Consider such a mean-centered model and use $\alpha_j$ as coefficients to
distinguish from $\beta_j$ that correspond to the original model (without
mean-centered variables). We know that $\alpha_0=0$ and
\begin{eqnarray*}
y_i-\overline{y} &=& (x_{i1}-\overline{x}_1)\alpha_1 + \ldots + (x_{ip}-\overline{x}_p)\alpha_p + \varepsilon_i\\
y_i &=& (\overline{y}-\overline{x}_1\alpha_1-\ldots -\overline{x}_p\alpha_p) +
x_{i1}\alpha_1 + \ldots + x_{ip}\alpha_p + \varepsilon_i
\end{eqnarray*}
We see that the latter form equals to the non-centered model
$$
y_i = \beta_0 + x_{i1}\beta_1 + \ldots + x_{ip}\beta_p + \varepsilon_i ,
$$
if we set
$(\overline{y}-\overline{x}_1\alpha_1-\ldots -\overline{x}_p\alpha_p) = \beta_0$
and $\alpha_j = \beta_j$ for $j=1,\ldots ,p$.

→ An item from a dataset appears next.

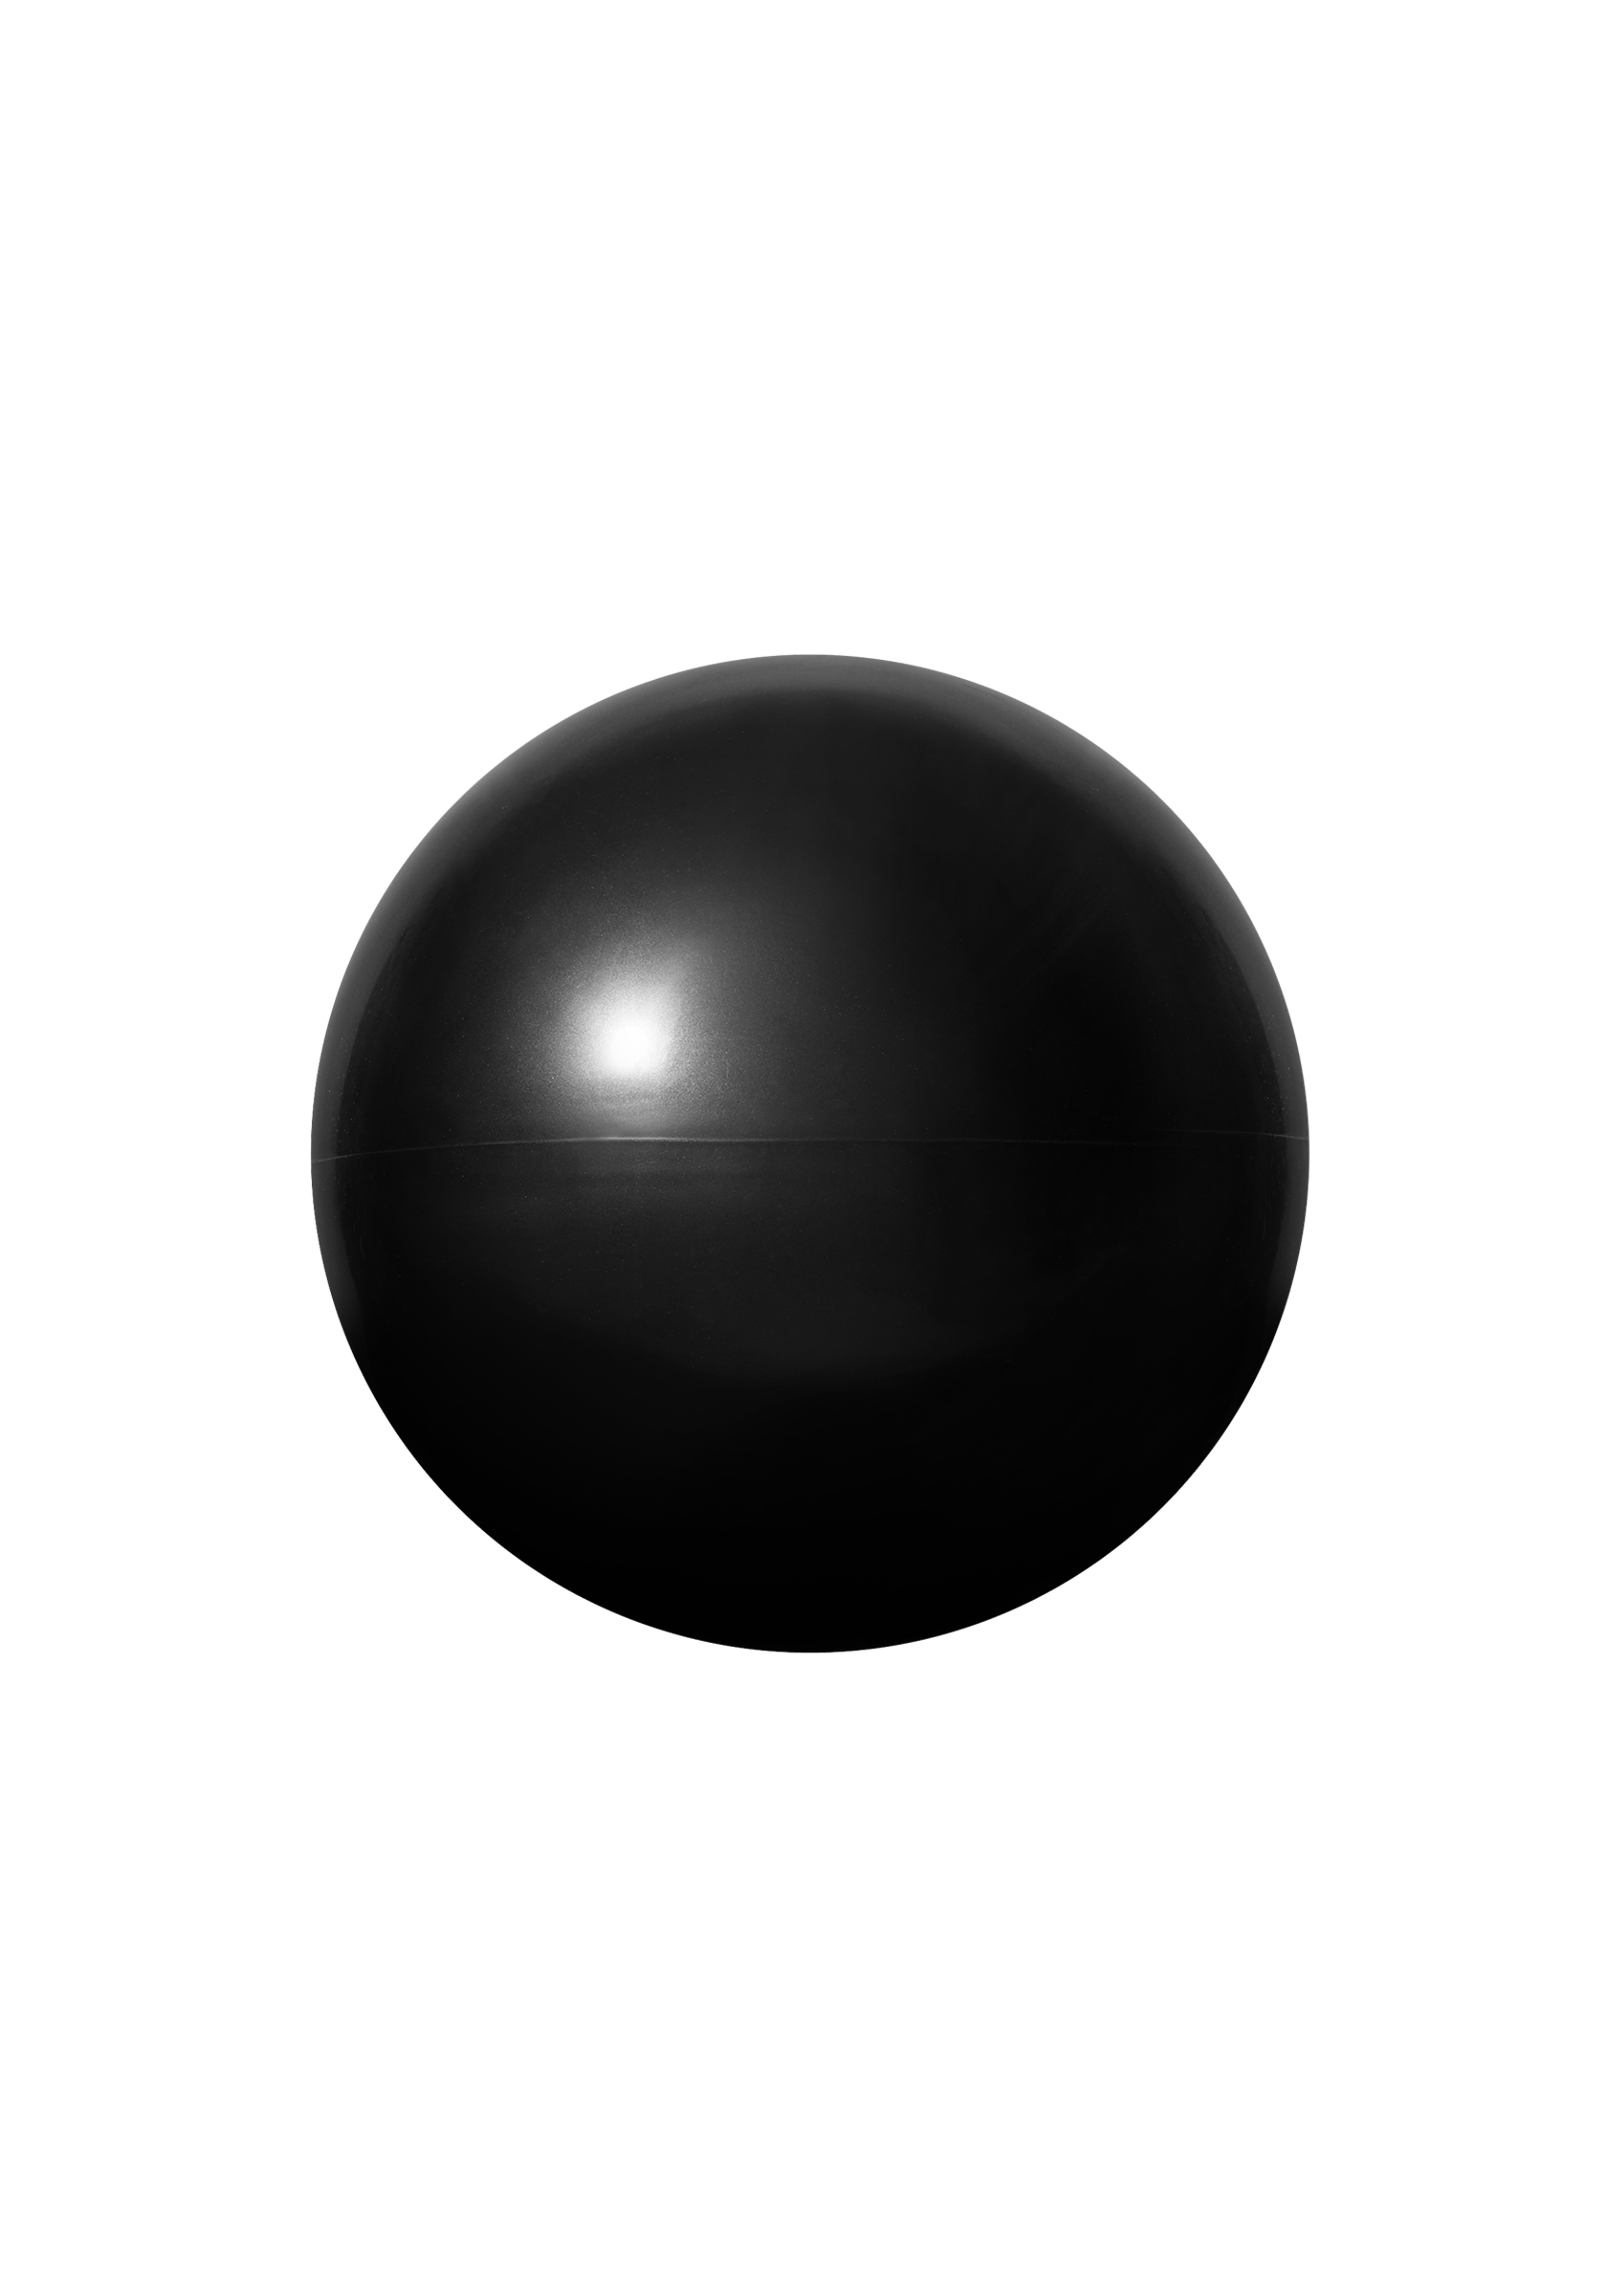 Exercise ball 18cm 1kg Black
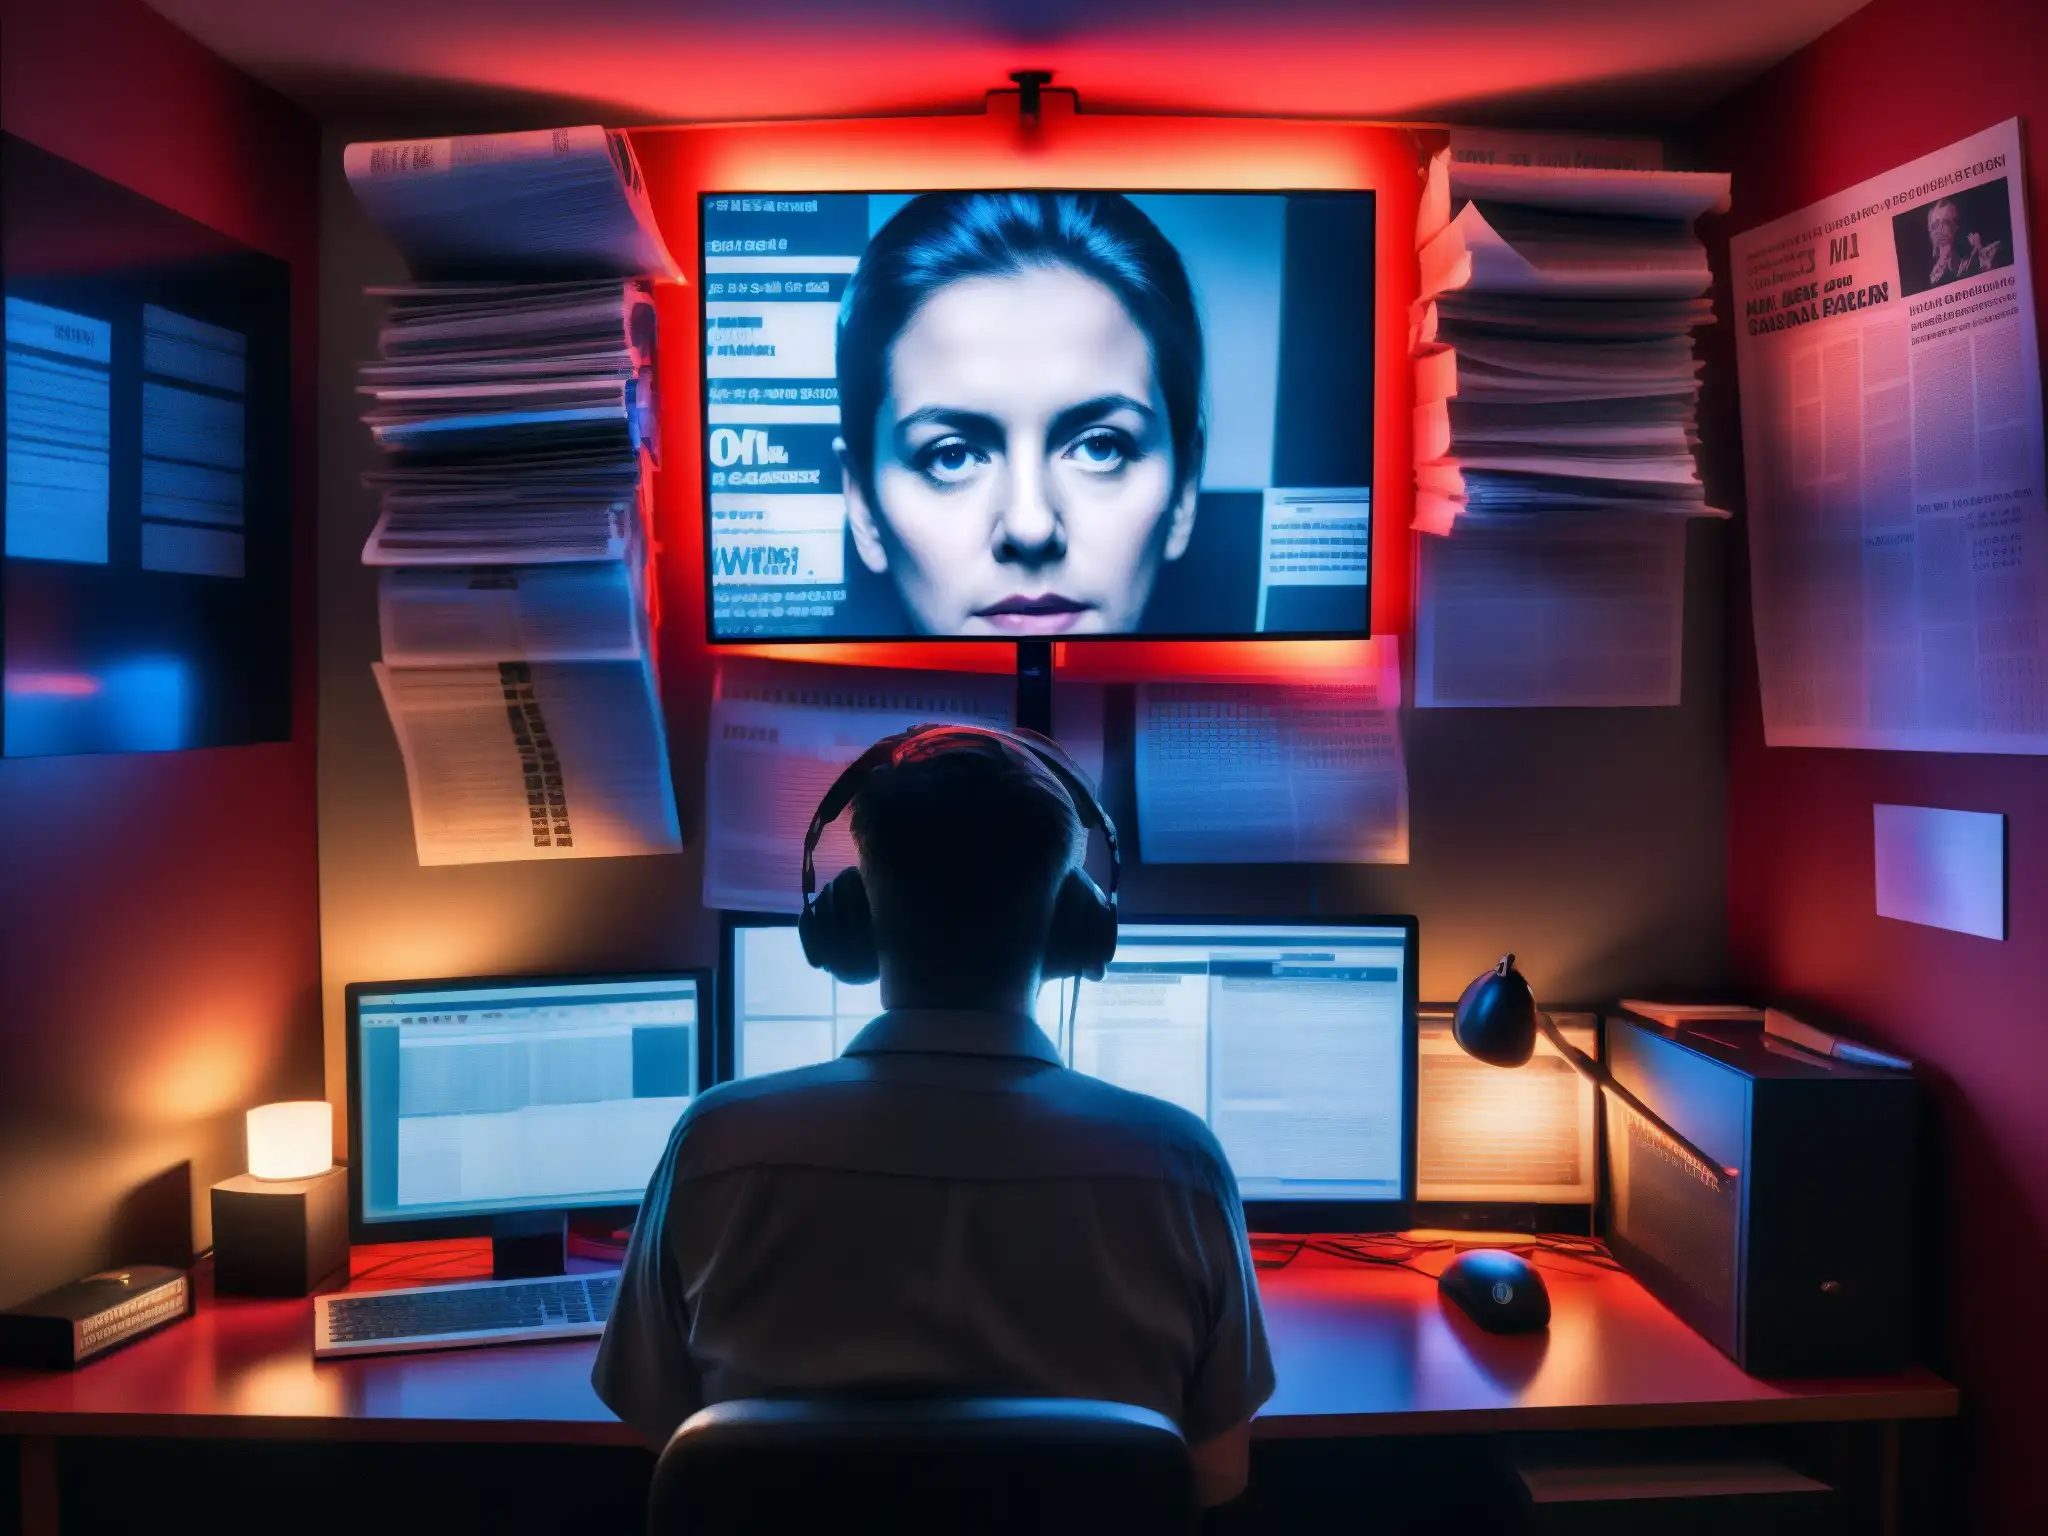 Persona en habitación oscura con monitor, periódicos, cuerdas y equipo de vigilancia, reflejando el mito del asesino de la webcam

Since the least squares solution is unique (when model is of full rank),
it follows that $\widehat{\alpha}_j = \widehat{\beta}_j$ for $j=1,\ldots,p$
and hence
**mean-centering does not change the values of other coefficients
than the intercept**.
We conclude that by mean-centering both the outcome and all predictors in
a linear regression model, we can drop the intercept term from the model
(since its value will be 0) while the other coefficients have the
same values as without mean-centering. In R we can fit a linear model
without intercept term by using `0` or `-1` in the call:
`lm(y ~ 0 + x)` or `lm(y ~ -1 + x)`.
### Geometric interpretation in $n$-dimensional space
We can also interpret the least squares method as projecting the outcome vector $\pmb{y}$ into the subspace defined by the intercept $\pmb{x}_0$ and $p$ predictor vectors $\pmb{x}_1,\ldots,\pmb{x}_p$. Let's define matrix
$\pmb{H} = \pmb{X}\left(\pmb{X}^T \pmb{X}\right)^{-1}\pmb{X}^T$ with which we can represent the fitted values as $$\pmb{\widehat{y}} = \pmb{X} \pmb{\widehat{\beta}} = \pmb{X}\left(\pmb{X}^T \pmb{X}\right)^{-1}\pmb{X}^T\pmb{y} = \pmb{H} \pmb{y}.$$
$\pmb{H}$ is also called "hat-matrix" that puts a hat on $\pmb{y}$. In particular, $\pmb{H}$ is a matrix of an orthogonal projection because $\pmb{H}=\pmb{H}^2$ and $\pmb{H}=\pmb{H}^T$. Thus we conclude that the least squares method finds the fitted values by projecting the observed values into the subspace defined by predictors.